Partain v. Mayor & Council of the City of Royston

Annotate this Case

246 Ga. 297 (1980)

271 S.E.2d 201

PARTAIN et al. v. MAYOR & COUNCIL OF THE CITY OF ROYSTON.

36296.

Supreme Court of Georgia.

Submitted May 30, 1980.

Decided September 9, 1980.

John Kupris, for appellants.

Jerry N. Neal, for appellee.

CLARKE, Justice.

This is a continuation of a controversy which made its way to this court as Martin v. Mayor & Council of Royston, 244 Ga. 669 (261 SE2d 707) (1979). In that case, the City of Royston and David Partain and Lorene Saylors were sued by certain taxpayers who were dissatisfied with the city's failure to cause the removal of Partain's mobile home from the land of Saylors by enforcement of zoning ordinances. A mandamus was denied by the trial court, but this court reversed. Subsequently, the trial court issued a mandamus absolute requiring the removal of the mobile home. From this there was no appeal.

In the litigation now being considered, the city finds itself on the opposite side from its former co-defendants. The city is attempting, through this action, to enjoin the continued presence of the mobile home on the land involved. The complaint was filed on January 15, 1980, and at the same time a rule nisi was issued ordering a hearing. On January 29, the court entered an order reciting that defendants contended the hearing could not be held until 30 days from the date of service and therefore ordering that the matter be heard on February 16, 1980. Six days later, on February 4, defendants answered the complaint and also filed a motion to dissolve the rule nisi, a notice to take deposition and a request for production of documents. The deposition notice called for the deposition to be taken on February 18, two days after the date set for the interlocutory hearing. Although a time appears on the request for production, no date was included.

As the February 16 hearing was about to proceed, counsel for defendants made a statement to the trial court which it contends was a motion for continuance based upon the ground that there had been no adequate opportunity for necessary discovery. The court ordered the hearing to proceed after observing that the parties were notified on January 29 of the February 16 hearing.

There is only one enumeration of error. In it, defendants complain of the denial of the motion for continuance.

Code Ann. § 81A-140 (a) provides that all civil cases shall be triable anytime after the last day upon which defensive pleadings are required to be filed.
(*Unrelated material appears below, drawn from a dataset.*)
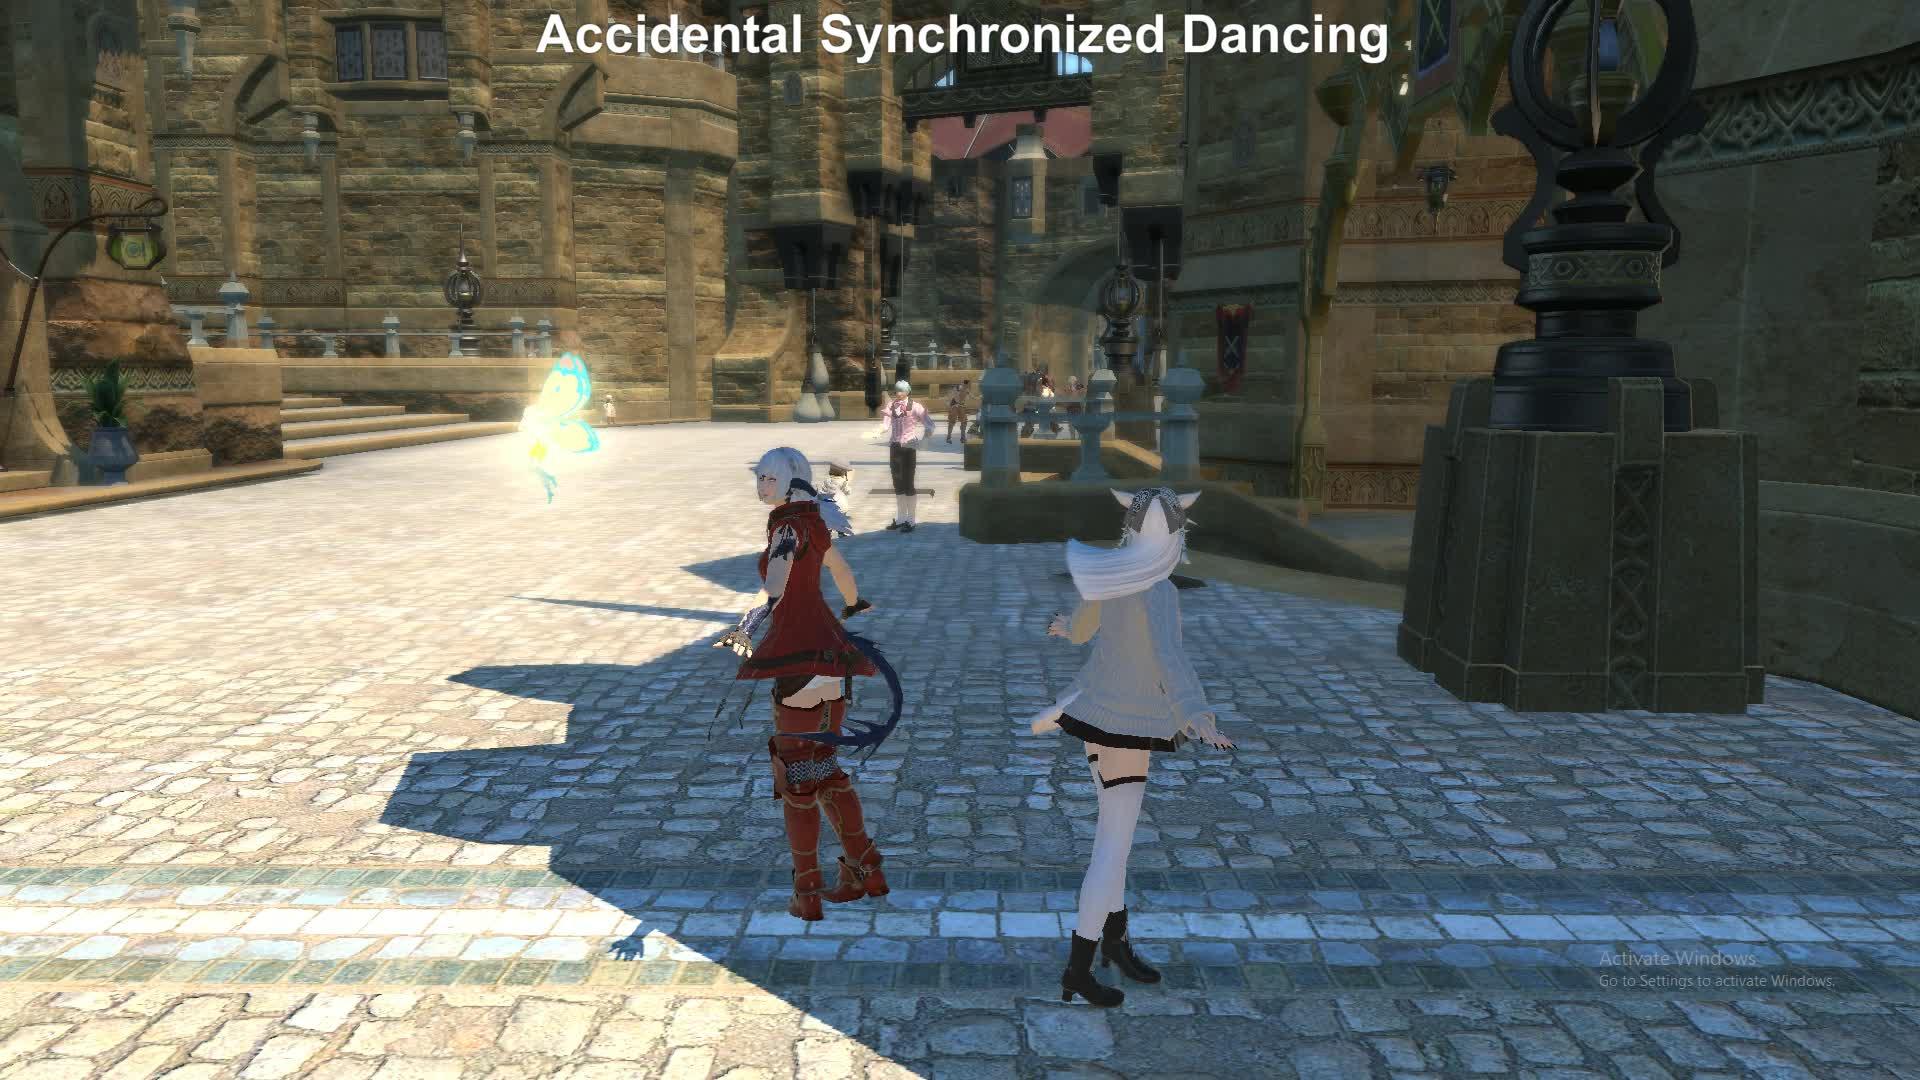 FFXIV Dancing GIFs
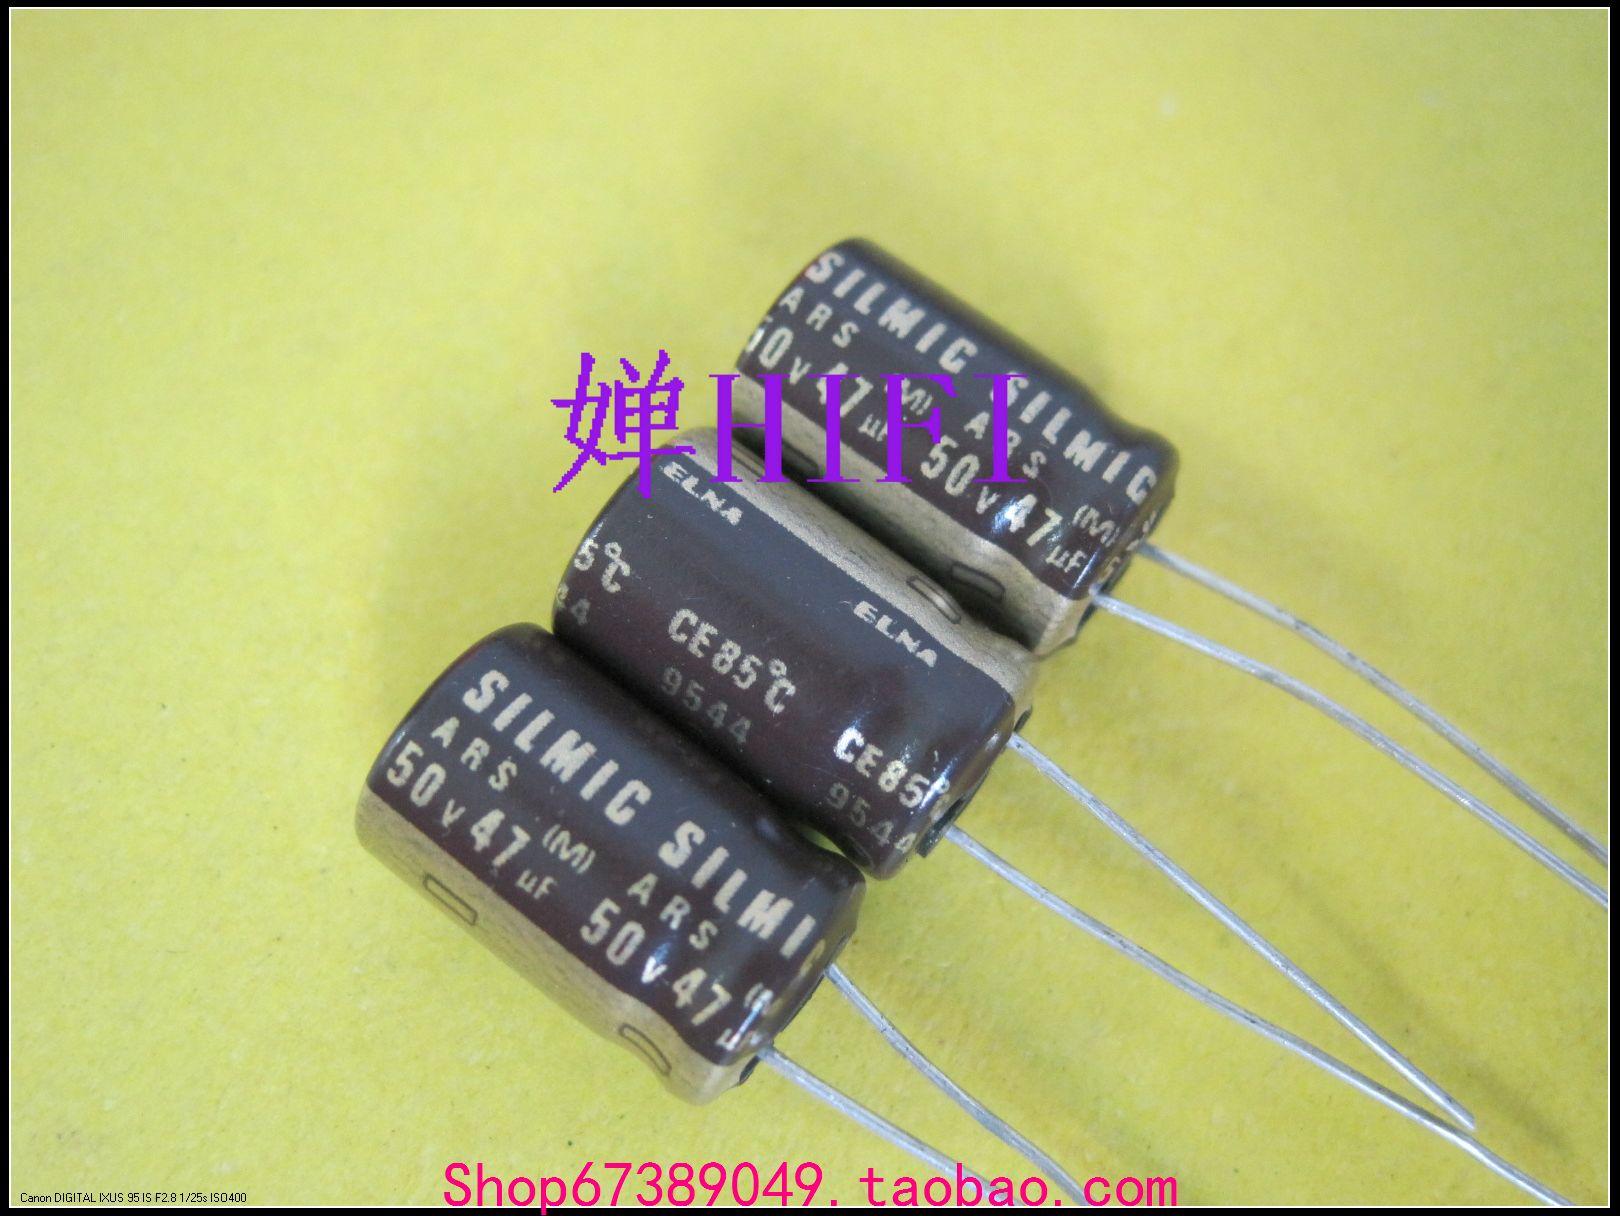 50pcs Imported ELNA original SILMIC-ARS electrolytic capacitors 50v47uf 10x16mm free shipping

The section further provides that in all cases, the trial court shall give the parties reasonable time for discovery subsequent to the date defensive pleadings must be filed. Code Ann. § 81A-140 (b) provides that the judge may hear and determine any non-jury matter at any time upon reasonable notice to the parties.

*298 Here, the court in its conclusions of law specifically found that the parties were given eighteen days notice of the hearing and that it was made "abundantly clear that the purpose of the hearing was for final disposition of the case." In its findings of fact, the court traced the history of this litigation from March 20, 1979, when the Appeals Board of the City of Royston found the location of the mobile home to be in violation of the Zoning Ordinance of the City of Royston. The trial court has broad discretion concerning the use of and limitations upon discovery procedure. This discretion will not be disturbed on appeal in the absence of abuse of that discretion. Jackson v. Gordon, 122 Ga. App. 657 (178 SE2d 310) (1970); Herring v. R. L. Mathis Certified Dairy Co., 121 Ga. App. 373 (173 SE2d 716) (1970). All that is required by § 81A-140 (a) is reasonableness as to the time allowed for discovery. Under the particular facts and circumstances in this case, we cannot say the trial court acted unreasonably. The trial court apparently determined further discovery would have been futile. The issue of the removal of the mobile home has been litigated all the way to this court. All that remains is for removal to be carried out. Under all the circumstances, the granting of a continuance would have merely delayed the inevitable. The law does not require a useless act. Webb v. Webb, 245 Ga. 650 (266 SE2d 463) (1980); Baker v. Housing Authority, 152 Ga. App. 64 (262 SE2d 183) (1979). Therefore, there was no abuse of the trial court's discretion in the decision to deny appellants a continuance.

Judgment affirmed. All the Justices concur.